While the Bangladeshi government has sought to play down international terror links, experts on the country’s politics say the string of killings indicates a growing extremist threat.

“These attacks on foreign nationals are really ominous and disconcerting, to say the least,” Ali Riaz, a Bangladesh-born political scientist and writer, said in an email.

“We have been witnessing the deterioration of law and order and regrouping of local militant groups for quite some time. These incidents have demonstrated that it has reached a serious level.”

In recent years, Islamist militancy has been relatively well-contained in Bangladesh, the world’s third-largest Muslim-majority nation. Between 2009 and 2013, the government detained hundreds of militant leaders and their foot soldiers, even executing some of them.

In fact, Bangladesh’s anti-terrorism efforts have been seen as so effective that the U.S. State Department has released reports congratulating the government on its efforts. But security analysts say growing intolerance on both sides of the political divide has failed to stamp out extremism, instead pushing fringe organizations to the fore.

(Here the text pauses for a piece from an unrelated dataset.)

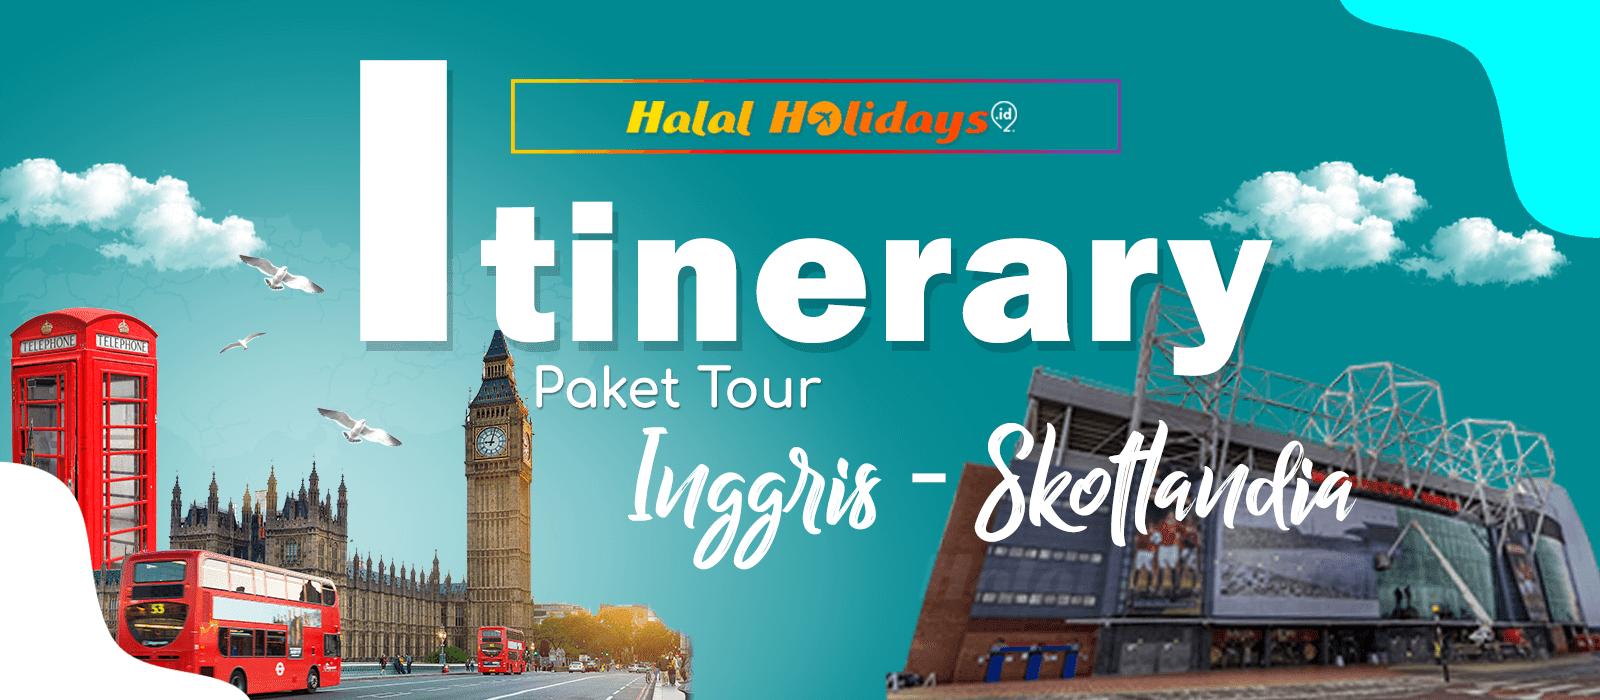 Itinerary Paket Tour Halal Inggris Skotlandia 9 Hari
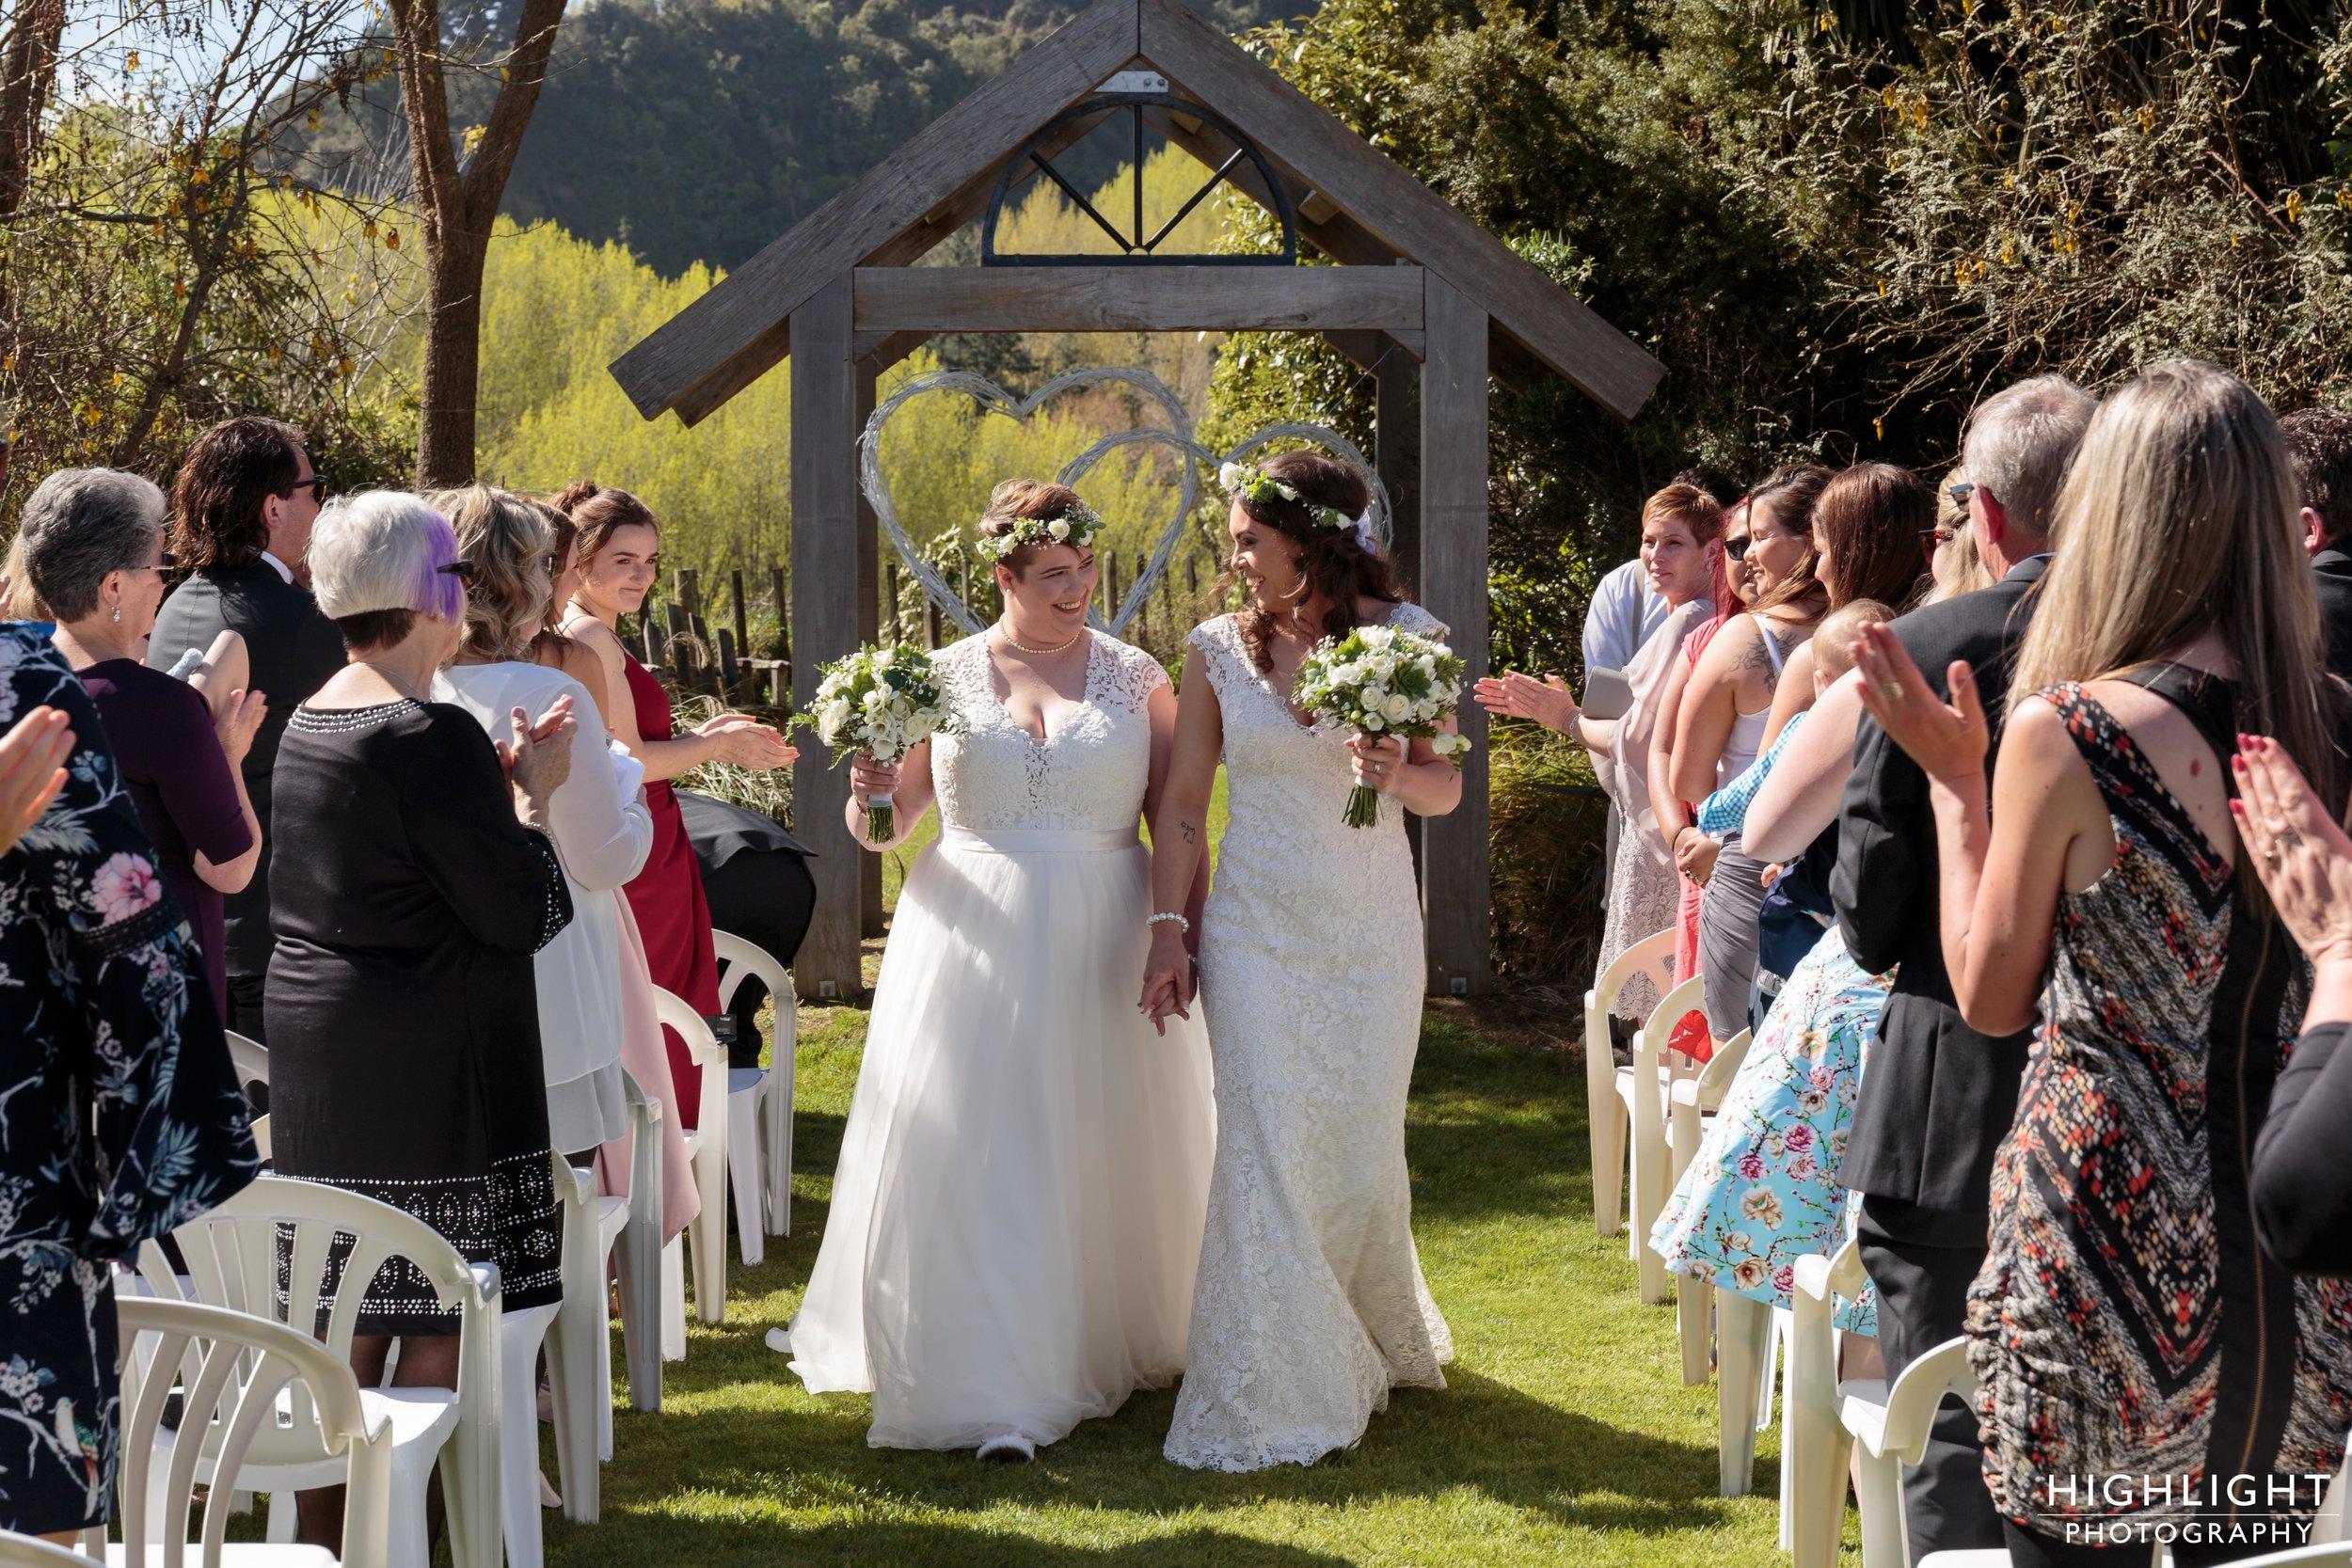 highlight_wedding_photography_makoura_lodge_manawatu_new_zealand-92.jpg

“It is difficult to pigeonhole the group that the perpetrators belong to but the ideological narrative is clear, which is both violently anti-secular and anti-Western,” said Saijan M. Gohel, international security director for the Asia-Pacific Foundation, in an email.

The overcrowded list of extremist entities in Bangladesh includes al-Qaeda in the Indian Sub-Continent, which was launched last year by the group’s new leader Ayman al-Zawahiri and has claimed responsibility for some of the bloggers’ murders and identified Bangladesh as a major center for its activities.

And, despite the government’s insistence that ISIS doesn’t exist in Bangladesh, police this year detained several suspected sympathizers.

“ISIS is as much a brand as it is a terrorist group,” said Gohel. “In the last 15 months, there have been a number of lone-wolf plots globally orchestrated by people who have no direct connection to ISIS but are bonded by the ideology and doctrine.”

The once-little-known local outfit Ansarullah Bangla Team (ABT), which is now linked to the killing of the bloggers, is reported to have ties to both ISIS and al-Qaeda.

Last week, ABT sent threatening emails to news outlets in Dhaka instructing editors to fire their female staffers — under some strict interpretations of Islam, women are not allowed to work — and forbid reporting on atheist bloggers.